Trait Configuration

Overview

This guide will briefly cover the configuration options available for individual association models in this pipeline. This information is only valid as of v2.0.0 and will likely be changed in the future.

Note that in most cases, a new analysis can be easily derived from the model specification of a previous analysis. So please see the existing, validated configuration files in the pipeline repository for examples of how you might create simple association models for your traits.

A Quick Overview of YAML

YAML format is a common configuration format in various applications. If you’re not familiar with it, there’s a lot to know, but it’ll be easiest to simply copy the format from existing configuration files. The one thing you absolutely must know: the leading whitespace in yaml files are actually spaces, not tabs. If you put tabs instead, and sometimes text editors get ambitious and do this on their own, you will get YAML compliance errors from the pipeline, which does actually enforce YAML 1.2 compliance. If you’re ever confused by format issues in yaml files, check for tabs!

Mandatory Settings

  • analysis_prefix: a single string entry, with dashes or underscores, that will provide the unique folder name under $(RESULTS_OUTPUT_DIR) for this analysis model

  • chips: the list of imputed datasets that should be run in this analysis. For PLCO, the valid settings are: OmniX; Omni25; Oncoarray; GSA_batch1; GSA_batch2; GSA_batch3; GSA_batch4; GSA_batch5

  • phenotype: a single entry from the header of $(PHENOTYPE_FILENAME), corresponding to the variable that will be used as the outcome in the association model

  • ancestries: at least one GRAF ancestry to be analyzed. Whitespace in the default GRAF ancestry names should be replaced with underscores. Valid settings are: European; East_Asian; African_American; Hispanic1; Hispanic2; South_Asian; Other.

  • algorithm: at least one software tool that should be run for this trait. This is how linear or logistic or polytomous regression is selected for a trait, so be sure to choose correctly! As of v2.0.0, supported methods are: boltlmm (continuous traits), fastgwa (continuous traits), and saige (binary or categorical/ordinal traits); note that fastgwa analyses were removed from primary “Atlas” analysis some months ago, and the pipeline has not been exhaustively tested since

Note

Trait configuration goes through pretty extensive preprocessing with construct.model.matrix and initialize_output_directories. During that process, combinations of chips/ancestries/phenotypes that are invalid are automatically removed from consideration. The result is that you may simply specify as many chips and ancestries as you want, and combinations of those settings that do not meet minimum criteria (typically sample size or case count) are dropped without error. This makes trait configuration significantly easier for the “Atlas” than it would be otherwise; though please be careful to check that you see the final results that you expect to have available when all is said and done.

Optional Settings

  • covariates: set of entries from the header of $(PHENOTYPE_FILENAME), corresponding to variables to be potentially included in the association model. Also accepted are the special values PC#, where # is the number of the principal component you want added to the model. The acceptable PC numbers are determined by $(SMARTPCA_N_PCS). Variables will be processed and dropped according to the preprocessing done by construct.model.matrix. Notably, indicator variables not present in a particular platform/ancestry combination will automatically be dropped, so the union of all batch variables can be specified here. Though optional, you’ll almost certainly want to at least specify 10 PCs here.

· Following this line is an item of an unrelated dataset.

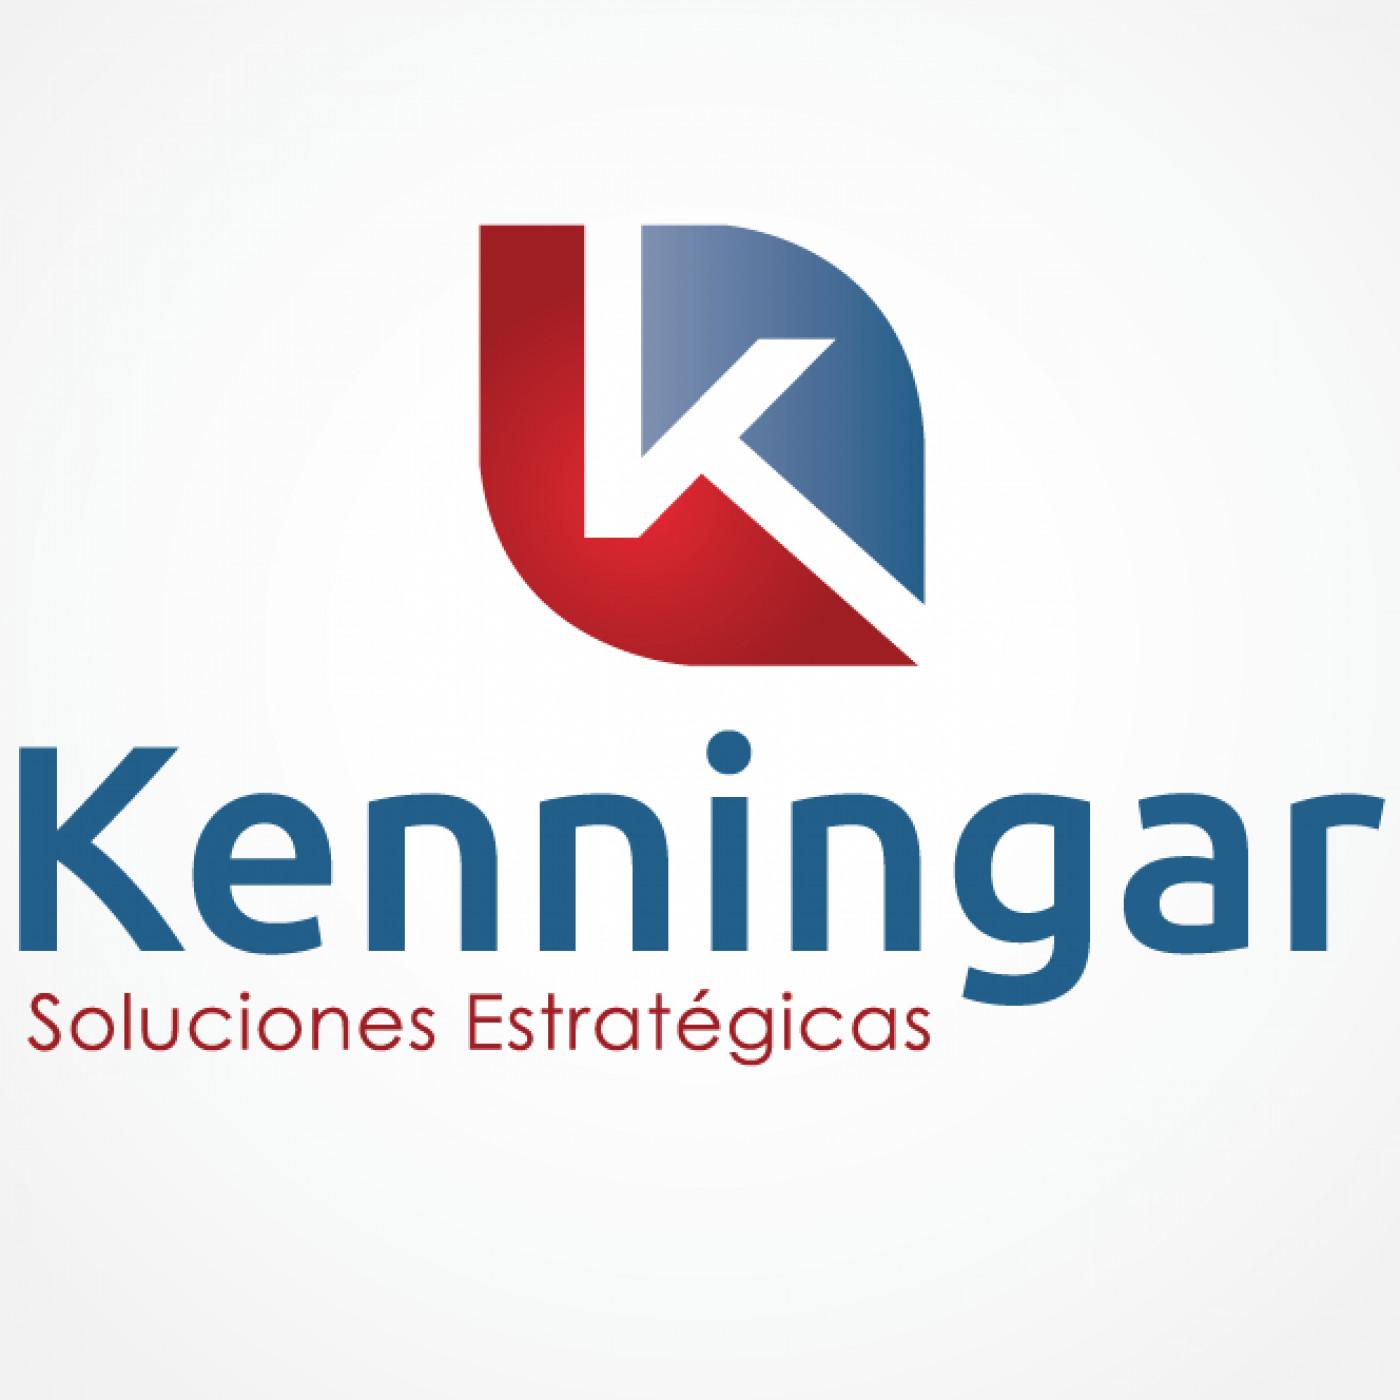 Mr.Kenningar - La entrevista de Mr.Kenningar

  • id_mode: one of chrpos (default) or rsid. Controls the format of variant IDs in the final output files. rsid is requested for “Atlas” results.

  • frequency_mode: one of reference (default) or subject. Controls the source of variant allele frequency data in the final output files. reference is requested for “Atlas” results, and is suitable for public release of association results.

  • sex-specific: one of combined (default), female, or male. Controls automatic restriction of analyzed subjects on all platforms to the requested subset of subjects. Subject sex is determined from $(PHENOTYPE_FILENAME) column sex. Note that phenotypes that are restricted to a single sex already within $(PHENOTYPE_FILENAME) (e.g. breast cancer, prostate cancer) should be run with this set to combined. For postprocessing pipelines, if you want data combined across sex-specific and combined analyses for a trait, you should append _female or _male, as appropriate, to the entry analysis_prefix.

  • control_inclusion: a set of variables and levels of those variables that should be used for selecting valid controls for binary trait analyses. Subjects not matching these criteria will automatically be dropped from the association model. The intended purpose of this option was to specify clean_control: 1 for all binary traits in the “Atlas”. See this binary trait configuration file for an example.

  • control_exclusion: a set of variables and levels of those variables that should be used for removing invalid controls for binary trait analyses. Subjects matching these criteria will automatically be dropped from the association model. The intended purpose of this option was to specify bq_hyster_f_b: 1 as an exclusion criterion for controls for endometrial cancer association; see the corresponding configuration file for an example.